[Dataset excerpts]

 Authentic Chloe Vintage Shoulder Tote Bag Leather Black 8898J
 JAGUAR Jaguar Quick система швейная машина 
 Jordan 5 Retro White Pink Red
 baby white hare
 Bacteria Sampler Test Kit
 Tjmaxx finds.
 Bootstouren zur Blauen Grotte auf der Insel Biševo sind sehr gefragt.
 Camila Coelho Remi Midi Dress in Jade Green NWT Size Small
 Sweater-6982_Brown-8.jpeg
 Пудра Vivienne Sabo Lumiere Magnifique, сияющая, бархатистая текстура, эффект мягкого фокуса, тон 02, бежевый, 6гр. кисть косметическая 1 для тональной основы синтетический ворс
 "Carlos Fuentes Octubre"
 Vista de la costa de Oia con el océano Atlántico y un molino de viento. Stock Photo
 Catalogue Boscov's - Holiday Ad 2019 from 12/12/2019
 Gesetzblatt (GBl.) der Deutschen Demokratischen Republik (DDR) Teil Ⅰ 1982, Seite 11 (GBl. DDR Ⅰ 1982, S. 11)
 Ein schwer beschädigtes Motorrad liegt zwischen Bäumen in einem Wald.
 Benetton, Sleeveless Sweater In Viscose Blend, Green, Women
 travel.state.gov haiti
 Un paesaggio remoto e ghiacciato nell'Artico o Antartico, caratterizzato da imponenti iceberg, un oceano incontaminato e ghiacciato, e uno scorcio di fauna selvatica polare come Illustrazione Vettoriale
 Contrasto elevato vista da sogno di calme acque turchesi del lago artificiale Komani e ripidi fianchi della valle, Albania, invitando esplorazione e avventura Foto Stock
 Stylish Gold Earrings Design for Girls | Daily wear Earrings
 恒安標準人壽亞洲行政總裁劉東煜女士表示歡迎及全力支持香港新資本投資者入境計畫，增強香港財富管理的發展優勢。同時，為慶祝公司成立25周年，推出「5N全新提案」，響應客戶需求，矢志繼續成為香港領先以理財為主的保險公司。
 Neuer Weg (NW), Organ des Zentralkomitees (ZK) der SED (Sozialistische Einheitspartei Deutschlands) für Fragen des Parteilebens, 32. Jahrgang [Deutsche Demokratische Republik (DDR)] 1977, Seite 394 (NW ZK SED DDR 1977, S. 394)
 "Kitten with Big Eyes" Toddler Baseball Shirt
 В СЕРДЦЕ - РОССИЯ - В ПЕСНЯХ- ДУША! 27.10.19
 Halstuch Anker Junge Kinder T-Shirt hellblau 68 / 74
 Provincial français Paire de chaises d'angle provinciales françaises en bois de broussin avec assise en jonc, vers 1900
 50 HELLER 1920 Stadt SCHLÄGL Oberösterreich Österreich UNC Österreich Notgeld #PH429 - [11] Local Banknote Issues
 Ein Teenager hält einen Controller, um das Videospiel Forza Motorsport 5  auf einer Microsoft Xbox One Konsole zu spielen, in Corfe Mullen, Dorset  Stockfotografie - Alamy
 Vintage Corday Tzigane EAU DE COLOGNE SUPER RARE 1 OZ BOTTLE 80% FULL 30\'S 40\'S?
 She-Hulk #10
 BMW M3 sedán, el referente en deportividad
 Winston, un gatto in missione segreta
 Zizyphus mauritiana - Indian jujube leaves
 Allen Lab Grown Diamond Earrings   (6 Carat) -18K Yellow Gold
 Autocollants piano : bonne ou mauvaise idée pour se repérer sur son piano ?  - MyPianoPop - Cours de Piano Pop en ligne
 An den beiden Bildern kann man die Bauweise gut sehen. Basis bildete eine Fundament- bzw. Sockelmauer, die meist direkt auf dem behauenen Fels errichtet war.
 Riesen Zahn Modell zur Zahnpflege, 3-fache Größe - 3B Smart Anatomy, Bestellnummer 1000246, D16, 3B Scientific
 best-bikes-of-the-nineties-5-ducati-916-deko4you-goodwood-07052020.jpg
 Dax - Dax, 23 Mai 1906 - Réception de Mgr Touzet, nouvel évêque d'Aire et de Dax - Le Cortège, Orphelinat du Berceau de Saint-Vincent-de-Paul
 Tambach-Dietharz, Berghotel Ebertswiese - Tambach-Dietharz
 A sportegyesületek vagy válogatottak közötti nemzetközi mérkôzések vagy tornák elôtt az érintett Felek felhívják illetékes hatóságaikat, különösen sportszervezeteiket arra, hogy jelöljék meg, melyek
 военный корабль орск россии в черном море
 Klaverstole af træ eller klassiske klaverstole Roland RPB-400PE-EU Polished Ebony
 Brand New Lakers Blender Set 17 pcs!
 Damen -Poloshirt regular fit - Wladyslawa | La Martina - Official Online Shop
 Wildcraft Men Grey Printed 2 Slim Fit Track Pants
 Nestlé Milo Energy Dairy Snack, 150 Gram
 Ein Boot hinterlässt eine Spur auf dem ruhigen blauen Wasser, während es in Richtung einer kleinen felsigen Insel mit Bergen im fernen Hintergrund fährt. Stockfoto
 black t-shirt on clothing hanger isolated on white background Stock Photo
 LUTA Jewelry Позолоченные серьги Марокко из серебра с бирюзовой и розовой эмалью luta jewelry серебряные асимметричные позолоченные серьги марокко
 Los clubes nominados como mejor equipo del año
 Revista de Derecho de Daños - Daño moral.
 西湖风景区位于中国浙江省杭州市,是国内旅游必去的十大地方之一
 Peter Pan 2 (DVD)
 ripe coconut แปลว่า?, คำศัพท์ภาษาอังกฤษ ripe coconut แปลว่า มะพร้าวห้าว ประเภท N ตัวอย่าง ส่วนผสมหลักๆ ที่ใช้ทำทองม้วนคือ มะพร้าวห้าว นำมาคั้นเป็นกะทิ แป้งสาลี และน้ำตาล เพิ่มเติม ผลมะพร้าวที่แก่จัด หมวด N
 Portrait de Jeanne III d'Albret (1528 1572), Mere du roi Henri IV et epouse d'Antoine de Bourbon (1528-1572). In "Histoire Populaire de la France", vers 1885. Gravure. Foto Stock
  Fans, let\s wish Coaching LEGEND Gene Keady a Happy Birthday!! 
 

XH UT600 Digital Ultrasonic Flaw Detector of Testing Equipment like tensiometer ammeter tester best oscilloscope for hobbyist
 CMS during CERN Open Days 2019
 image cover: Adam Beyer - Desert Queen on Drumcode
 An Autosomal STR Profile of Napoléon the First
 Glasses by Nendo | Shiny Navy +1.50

PROBLEM DESCRIPTION ▸ Beginning with the line that holds "Revista de Derecho de Daños - Daño moral." and ending with the last line of the data, copy each line exactly and add nothing.

ANSWER ▸
 Revista de Derecho de Daños - Daño moral.
 西湖风景区位于中国浙江省杭州市,是国内旅游必去的十大地方之一
 Peter Pan 2 (DVD)
 ripe coconut แปลว่า?, คำศัพท์ภาษาอังกฤษ ripe coconut แปลว่า มะพร้าวห้าว ประเภท N ตัวอย่าง ส่วนผสมหลักๆ ที่ใช้ทำทองม้วนคือ มะพร้าวห้าว นำมาคั้นเป็นกะทิ แป้งสาลี และน้ำตาล เพิ่มเติม ผลมะพร้าวที่แก่จัด หมวด N
 Portrait de Jeanne III d'Albret (1528 1572), Mere du roi Henri IV et epouse d'Antoine de Bourbon (1528-1572). In "Histoire Populaire de la France", vers 1885. Gravure. Foto Stock
  Fans, let\s wish Coaching LEGEND Gene Keady a Happy Birthday!! 
 

XH UT600 Digital Ultrasonic Flaw Detector of Testing Equipment like tensiometer ammeter tester best oscilloscope for hobbyist
 CMS during CERN Open Days 2019
 image cover: Adam Beyer - Desert Queen on Drumcode
 An Autosomal STR Profile of Napoléon the First
 Glasses by Nendo | Shiny Navy +1.50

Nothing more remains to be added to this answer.